Done! (0:36)                                                              

out.bam

Reads: 1083286

Mapped: 1083286

Unmapped: 0

 

Flag distribution

[0x001] Multiple fragments       1083286 100.00%

[0x002] All fragments aligned    888871 82.05%

[0x008] Next unmapped            58635 5.41%

[0x010] Reverse complimented     542299 50.06%

[0x020] Next reverse complimented 539537 49.81%

[0x040] First fragment           1083286 100.00%

[0x800] Supplementary            1 0.00%

 

Template length: 568.90 +/- 824.04

 

Reference counts count

1 1083286

 

tag(リンクtagをbamに追加する。

bamutils tag -xs input.bam output.bam
  •  -xs    Add the XS:A tag for +/- strandedness (req'd by Cufflinks)
  • -suffix suff    A suffix to add to each read name
  • -tag tag    Add an arbitrary tag (ex: -tag XX:Z:test)
  • -orig-ref tag    Add a new tag with the original reference name (For example, in a region-based BAM will be converted to standard coordinates)

 

check(リンク破損のチェック。

bamutils check input.bam

 

cleancigar(リンクCIGAR情報の修復。

bamutils cleancigar  input.bam

 

nearest(リンク TSSを指定したbedの指定ポジション中などからもっとも近い部位を抽出。 

 

innerdist(リンク mate-pairのinner distanceを計算。
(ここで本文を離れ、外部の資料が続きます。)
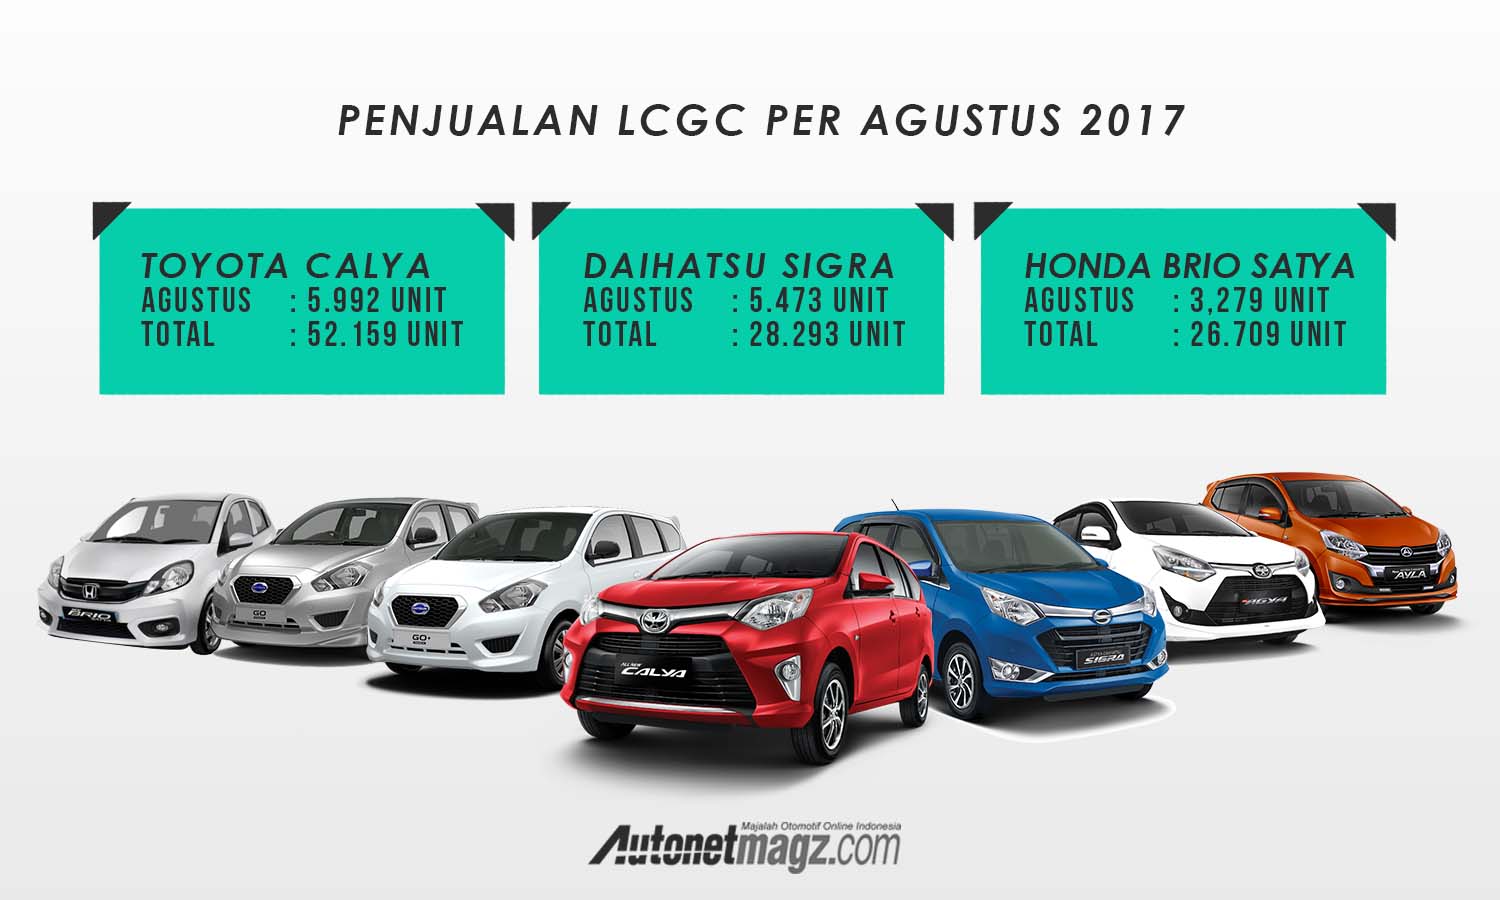 Berita, Penjualan LCGC Agustus 2017 – 1: Dinamika LCGC 2017 : Calya Merajai, Karimun Posisi Terakhir
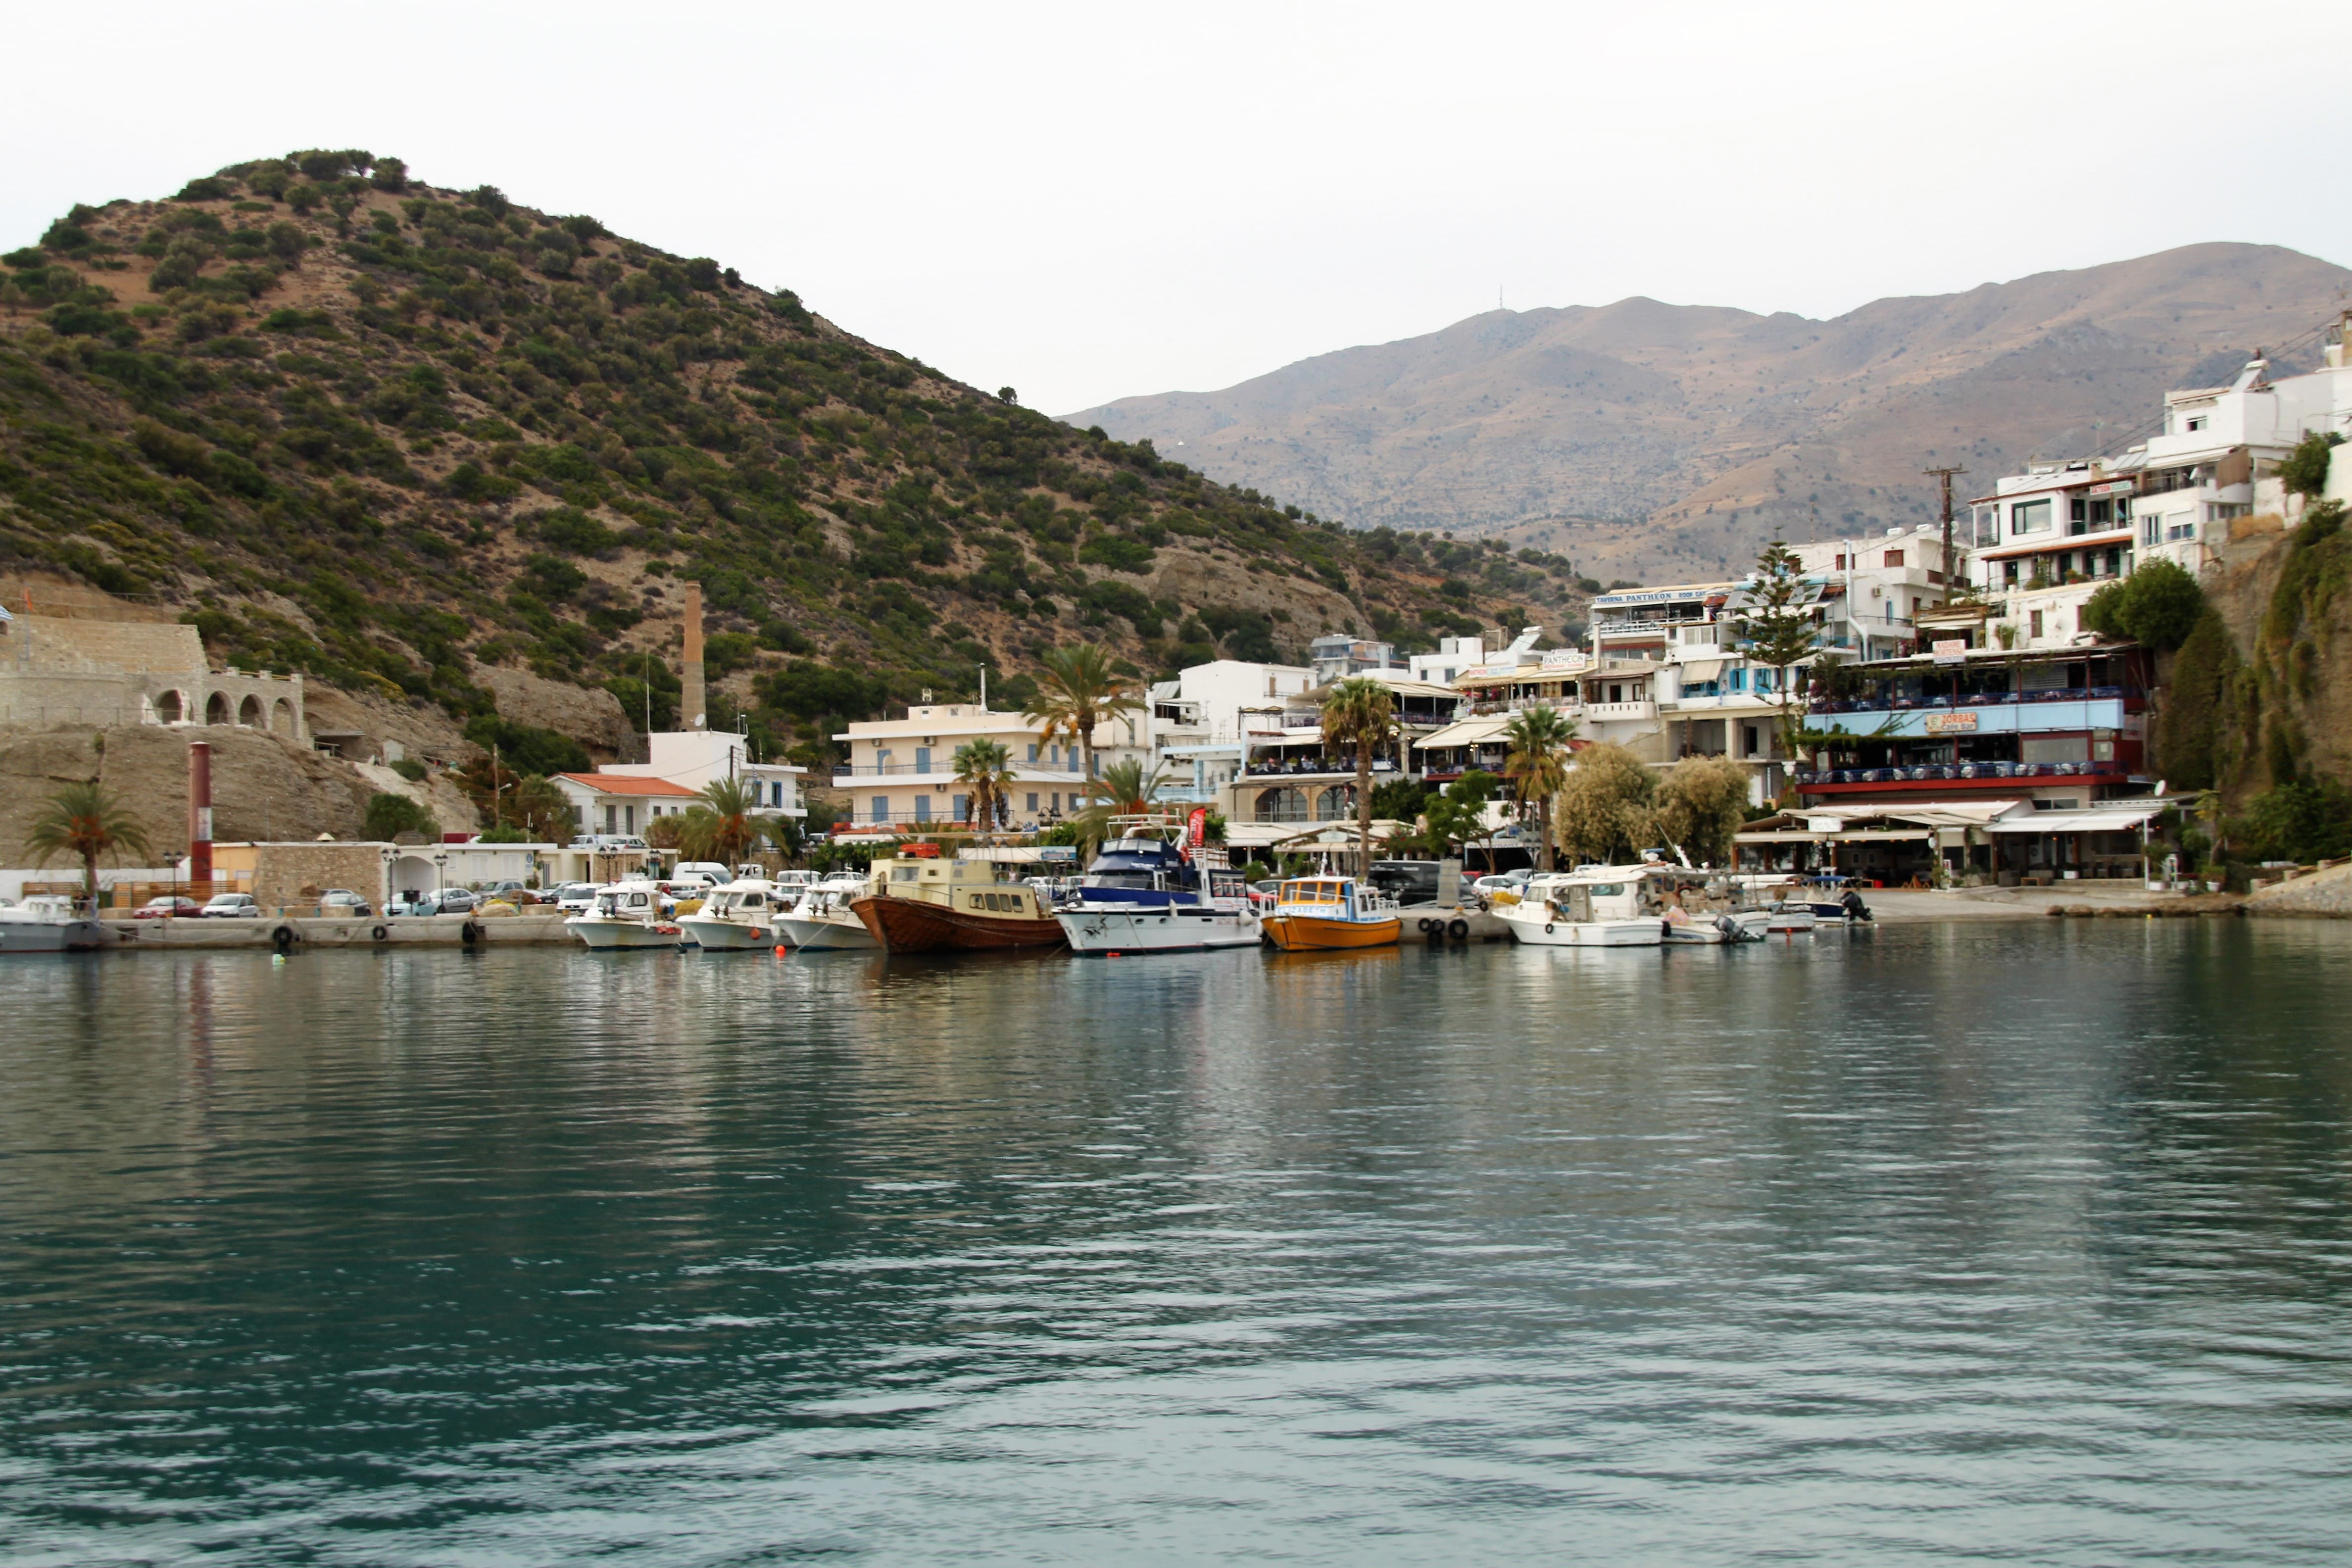 Full Day Experience in Crete Island

inner mate-pair distanceの定義はリンク先を参照。

 

他にもfasta、fastq、bedに変換する抽出系コマンド、RNA seqと変異解析用コマンドもある。

 

引用

NGSUtils: a software suite for analyzing and manipulating next-generation sequencing datasets

Marcus R. Breese and Yunlong Liu

Bioinformatics. 2013 Feb 15; 29(4): 494–496.